Volgens paragraaf 3.3 kan op grond van het subjectieve criterium worden geoordeeld dat het belang dat een aanvrager heeft bij het verstrekken van een VOG zwaarder weegt dan het belang van de samenleving bij bescherming tegen het door middel van het objectieve criterium vastgestelde risico voor de samenleving. In dat geval wordt de VOG afgegeven ondanks dat wordt voldaan aan het objectieve criterium.
Volgens paragraaf 3.3.1 ziet het subjectieve criterium op omstandigheden van het geval die ertoe kunnen leiden dat de objectieve vaststelling van een risico voor de samenleving ten aanzien van deze aanvrager niet zou moeten leiden tot een weigering van de afgifte van de VOG. Omstandigheden van het geval die altijd in de beoordeling worden betrokken zijn de wijze waarop de strafzaak is afgedaan, het tijdsverloop en de hoeveelheid antecedenten.
Om vast te stellen of het aangetroffen antecedent een belemmering kan vormen voor de afgifte van de VOG, hanteert de staatssecretaris bij de Beleidsregels behorende screeningsprofielen.
In het specifieke screeningsprofiel 'taxibranche; chauffeurspas' staat, voor zover hier van belang, vermeld dat, in afwijking tot de reguliere terugkijktermijn van vier jaren, een terugkijktermijn van vijf jaren wordt gehanteerd.

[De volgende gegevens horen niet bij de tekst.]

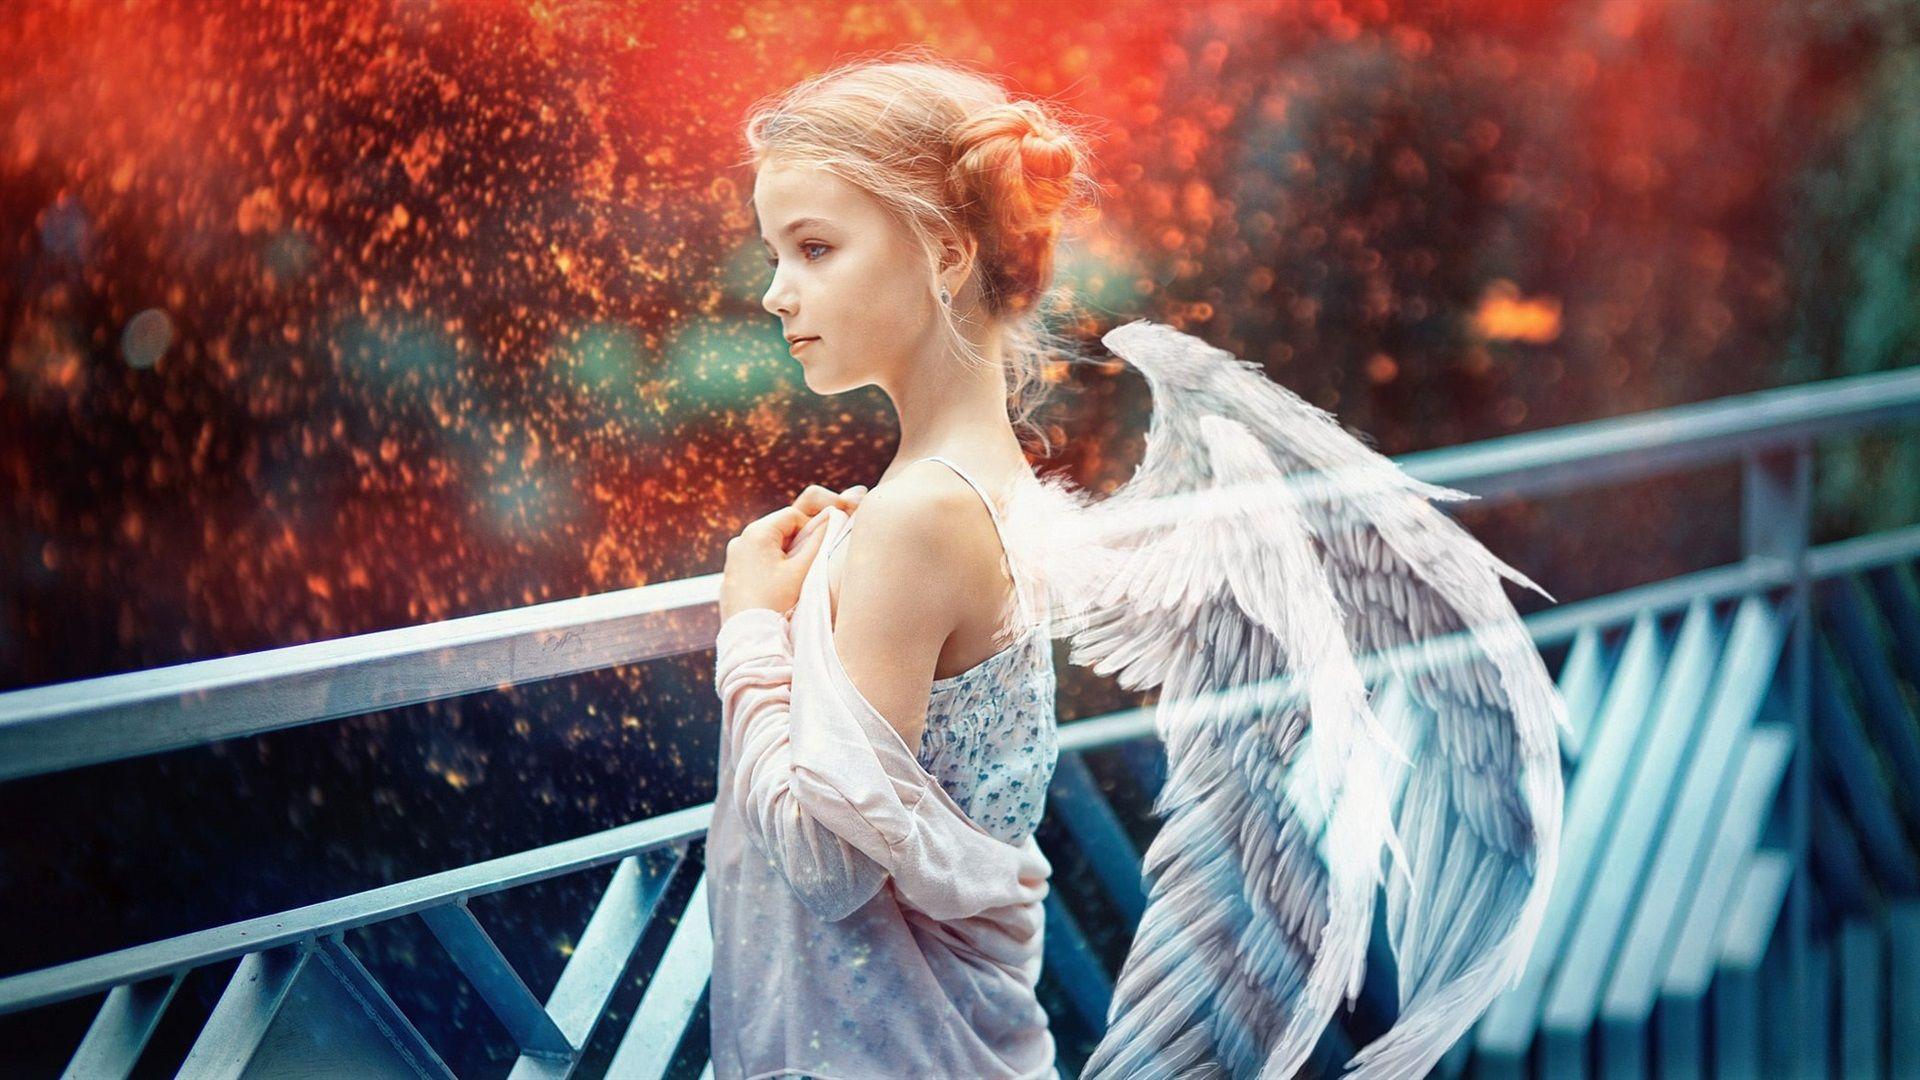 Beautiful Angel Girl Wallpapers Top Free Beautiful Angel Girl Backgrounds Wallpaperaccess 5020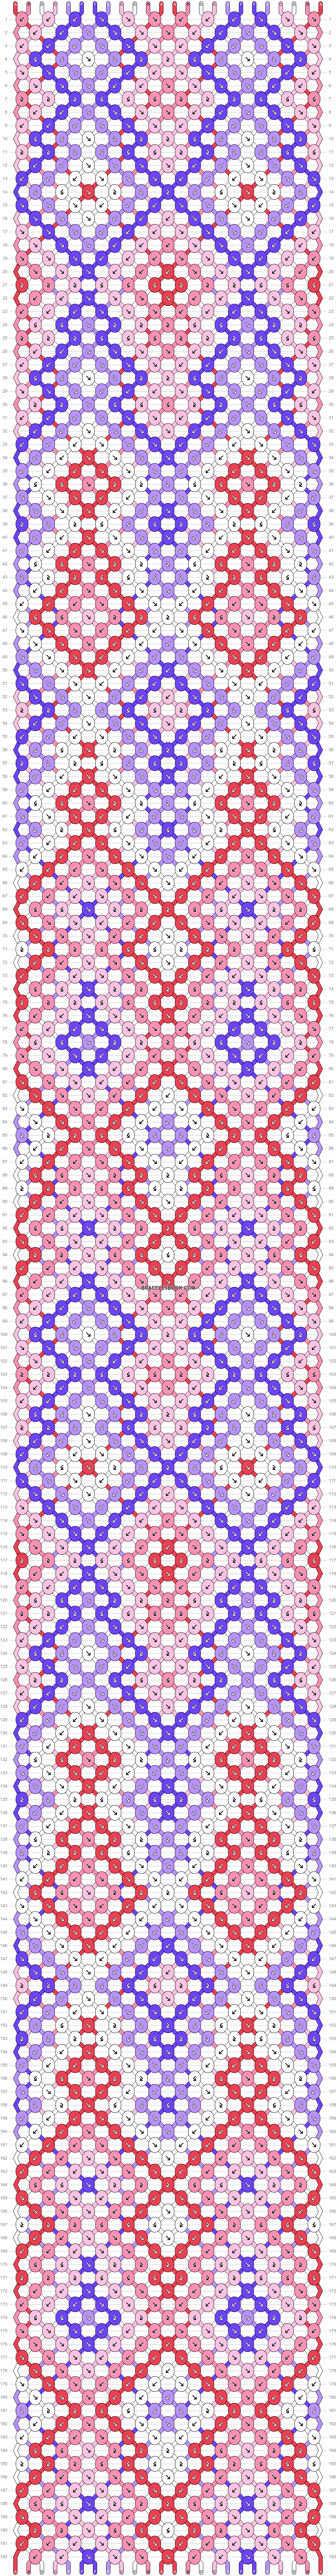 Normal pattern #47931 pattern

2.2. Aan het besluit op bezwaar heeft de staatssecretaris ten grondslag gelegd dat in het JDS op naam van [appellant] een aantal strafbare feiten is geregistreerd. In de eerste plaats betreft het een openstaande zaak, te weten een overschrijding van de maximumsnelheid gepleegd op 5 december 2008 te Amsterdam. In de tweede plaats betreft het een onherroepelijke veroordeling in eerste aanleg op 26 oktober 2009 wegens valsheid in geschrifte, meermalen gepleegd, en "voor raadpleging beschikbaar stellen van valse/vervalste boeken/bescheiden etc.", meermalen gepleegd, tot een gevangenisstraf van achttien maanden, waarvan zes maanden voorwaardelijk met een proeftijd van twee jaren, geldig tot 25 juni 2012. Daarnaast heeft [appellant] op 11 mei 2009 een transactie van € 350,00 geaccepteerd wegens rijden onder invloed en op 13 december 2005 een transactie voor het vergoeden van schade van € 1.195,00 wegens beschadiging van goederen. Voorts is [appellant] bij onherroepelijk geworden vonnis in eerste aanleg van 21 december 2004 veroordeeld wegens valsheid in geschrifte, meermalen gepleegd, en misbruik maken van controlemiddelen, 32 maal gepleegd, tot een geldboete van € 240,00, subsidiair vier dagen hechtenis, 120 uren werkstraf subsidiair 60 dagen hechtenis en een geldboete van € 3.960,00, subsidiair 72 dagen hechtenis, waarvan € 2.637,00 en 45 dagen voorwaardelijk, met een proeftijd van twee jaren. Voorts is [appellant] buiten de terugkijktermijn in de periode van 2002 tot en met 2004 met justitie in aanraking gekomen wegens openlijke geweldpleging, misbruik maken van controlemiddelen en twee gevallen van het rijden onder invloed, waarvoor hij transacties heeft geaccepteerd.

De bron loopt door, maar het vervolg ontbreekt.